Without copying any picture, return all lines below exactly.

→ **GIVEN INFORMATION**
........

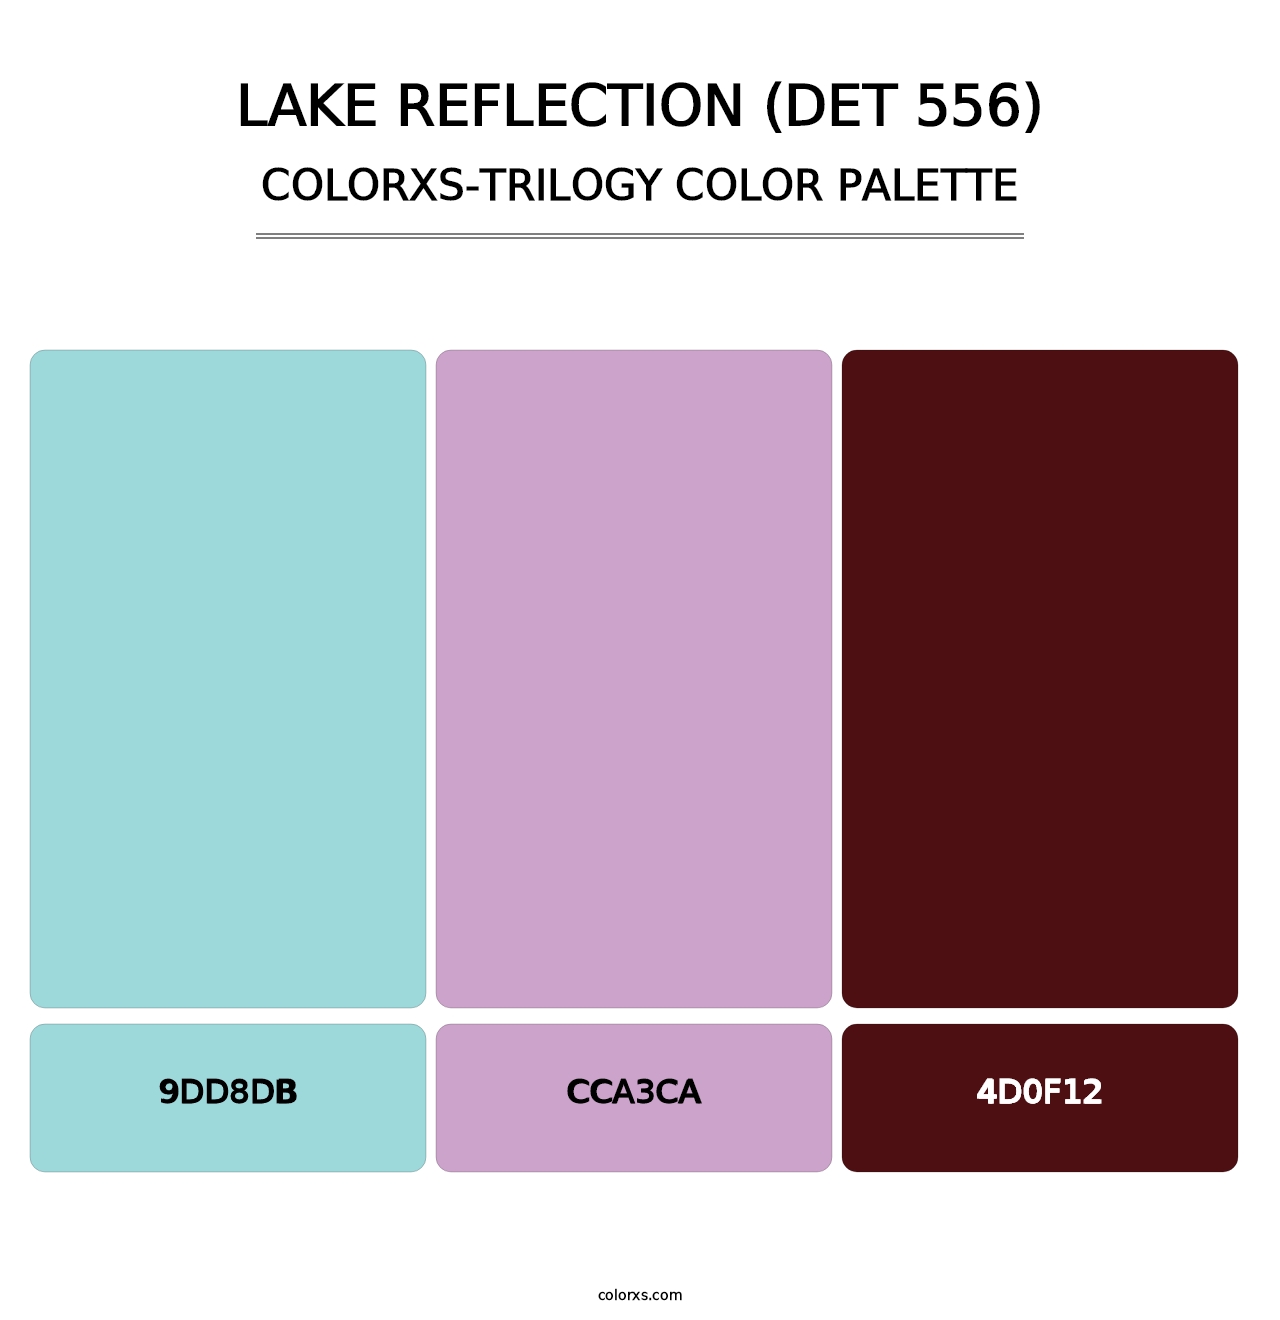 Lake Reflection (DET 556) - Colorxs Trilogy Palette
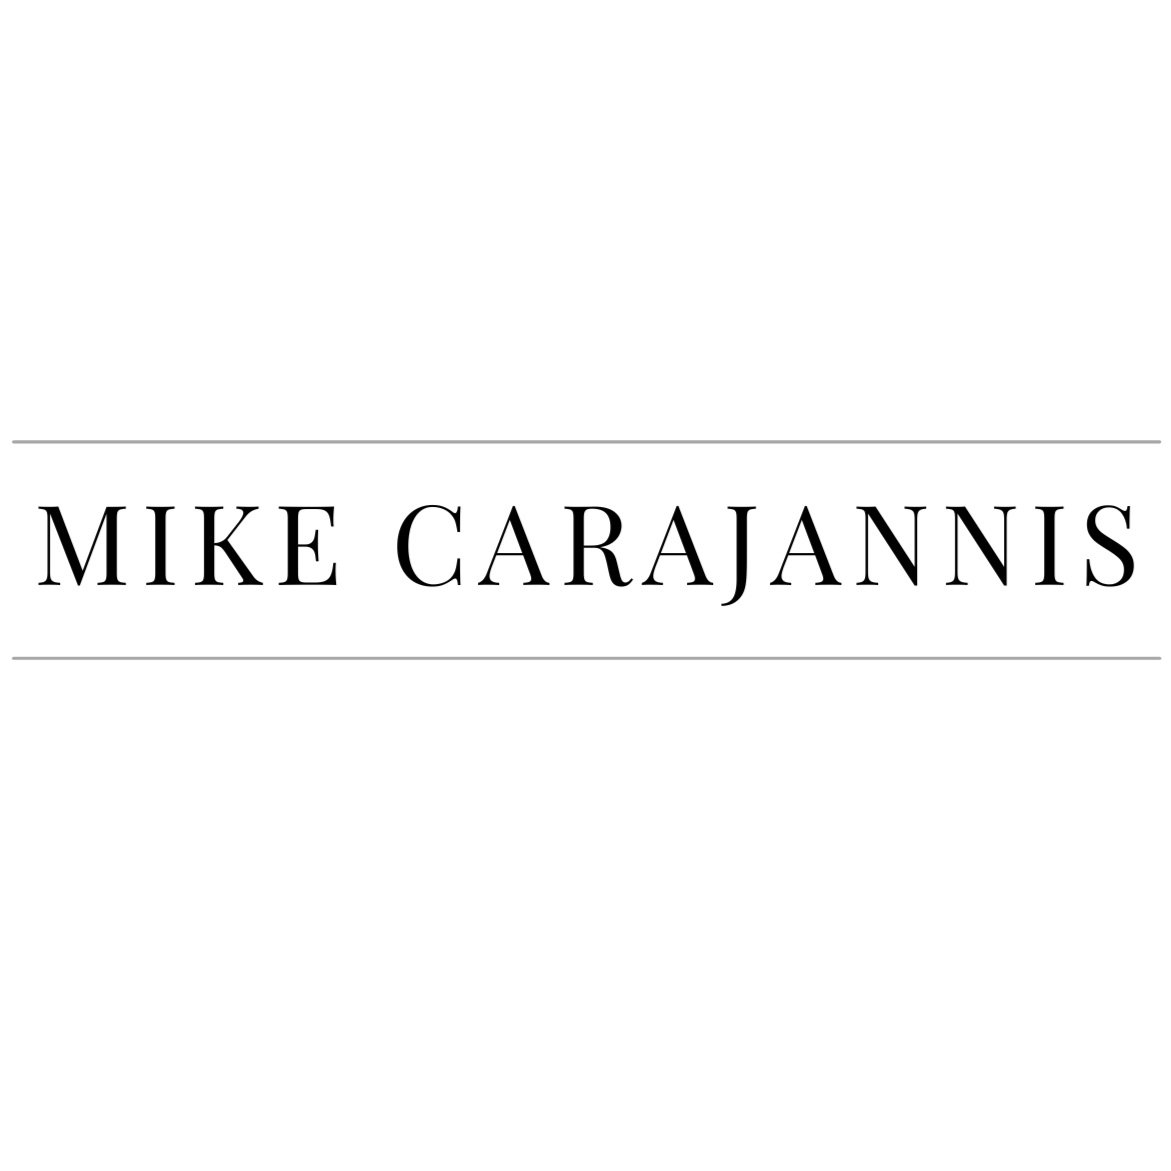 Mike+Carajannis.jpg
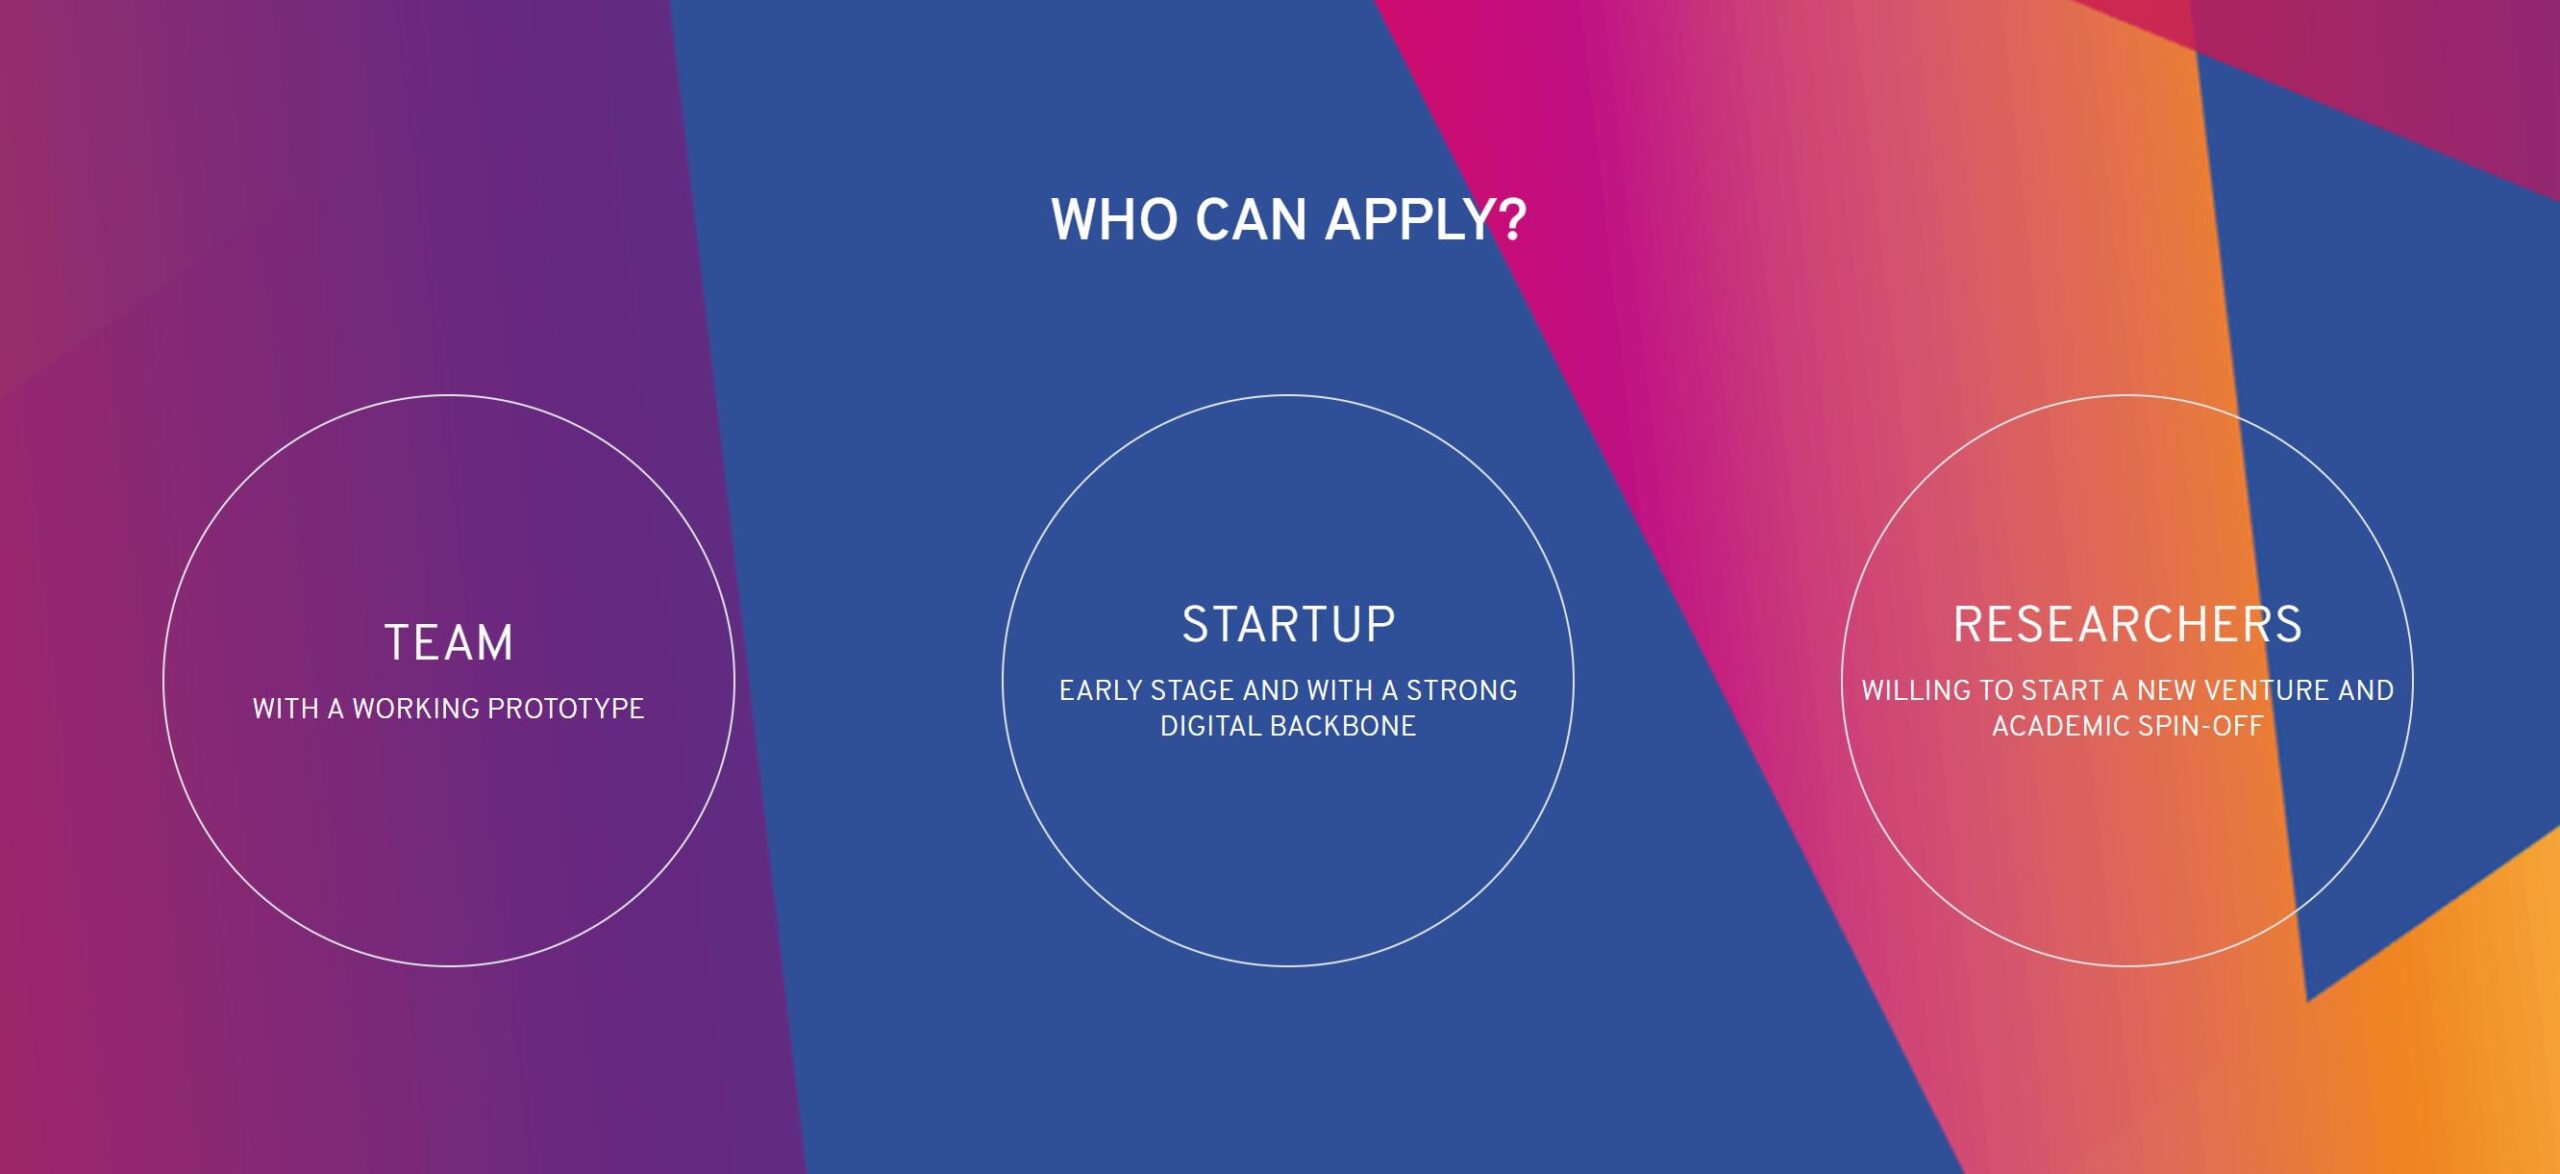 E-qube Startup&idea Challenge. C’è tempo fino al 28 settembre per candidarsi

........

→ **ANSWER TO THIS EXERCISE**
 Lake Reflection (DET 556) - Colorxs Trilogy Palette
 Mike+Carajannis.jpg
 E-qube Startup&idea Challenge. C’è tempo fino al 28 settembre per candidarsi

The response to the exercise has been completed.